November 2022: University of Bristol

Ethan Lee (Bristol)

Title: The floor function for number fields

Abstract: The widely useful floor function [x], which counts the number of (positive) integers in the field of rational numbers up to x, is simple to approximate. Analogously, the number fields generalisation of [x] (called the ideal-counting function) is also useful, but it is not so simple to approximate. In this talk, I introduce explicit estimates for this ideal-counting function.

Alice Pozzi (Bristol/Imperial)

Title: Tame triple product periods

Abstract: A recent conjecture proposed by Harris and Venkatesh relates the action of derived Hecke operators on the space of weight one modular forms to certain Stark units. In this talk, I will explain how this can be rephrased as a conjecture about "tame" analogues of triple product periods for a triple of mod p modular forms of weights (2,1,1). I will then present an elliptic counterpart to this conjecture relating a tame triple product period to a regulator for global points of elliptic curves. This is joint work with Henri Darmon.

Jay Swar (Oxford)

Title: Symplectic structures on arithmetic moduli spaces

The explicit study of rational points of varieties is a horrendously open topic with many famously open tasks even for curves. In this talk, we'll briefly introduce Selmer schemes and their utility in effective Diophantine geometry (e.g. effective Siegel-Faltings type results for curves). We'll then show that such schemes have natural derived enhancements which acquire several structures coming from the area of symplectic geometry. We'll then sketch how to use such structures to obtain new invariants analoguous to established invariants from low-dimensional topology.

Chloe Martindale (Bristol)

Title: Torsion-point attacks on isogeny-based cryptography

Abstract: Cryptography is the science of secure communication over an insecure channel. Post-quantum cryptography is the science of secure communication using everyday devices over an insecure channel, where additionally the person trying to access your messages has access to a quantum computer. This means, for example, that we can't rely on cryptographic algorithms whose security reduces to breaking the discrete logarithm problem in an abelian group (such as the Diffie-Hellman key exchange). Some of the proposals for a post-quantum secure "hard problem" for use in secure messaging and encryption in general are built on the isogeny problem: Given two uniformly random elliptic curves defined over a large finite field, find an isogeny between them (if it exists).

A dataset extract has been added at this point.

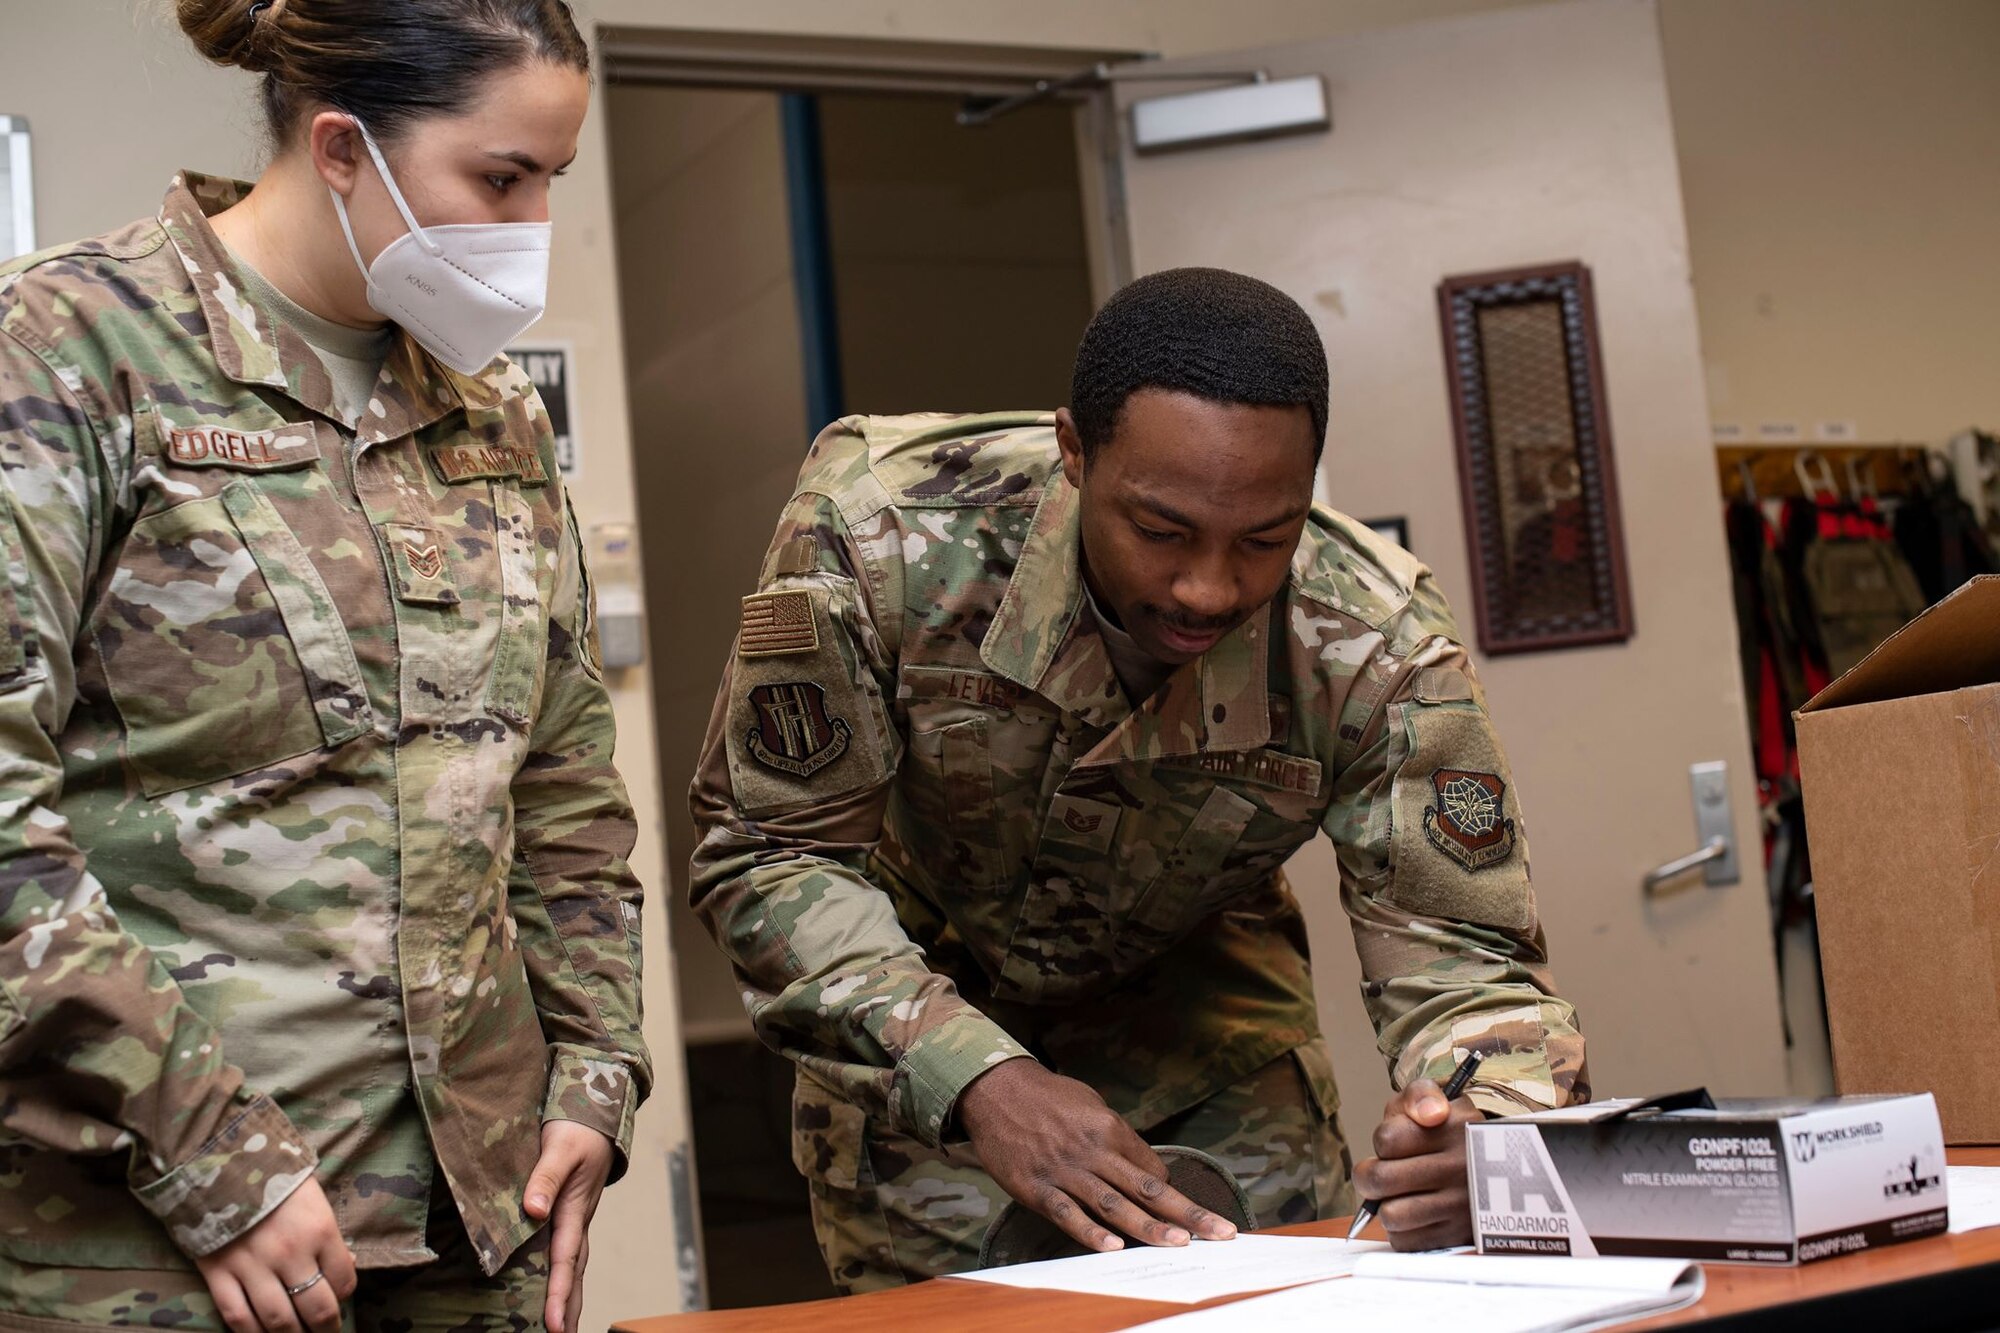 A female Airmen with a white face mask on supervises a male Airmen signing a document in front of a box full of black face masks

A weaker version of this problem, where the image of some torsion points under such an isogeny are known, was the underlying security assumption in SIKE (Supersingular Isogeny Key Encapsulation), that was being considered by the National Insitute for Standards in Technology (NIST) in the USA for international standardization. In this talk we will explain the key concepts behind this idea before showing how to solve this instantiation of this isogeny problem, or in other words, how to break SIKE. This is joint work with Luciano Maino, and also concerns joint work with Lorenz Panny, Giacomo Pope, and Benjamin Wesolowski.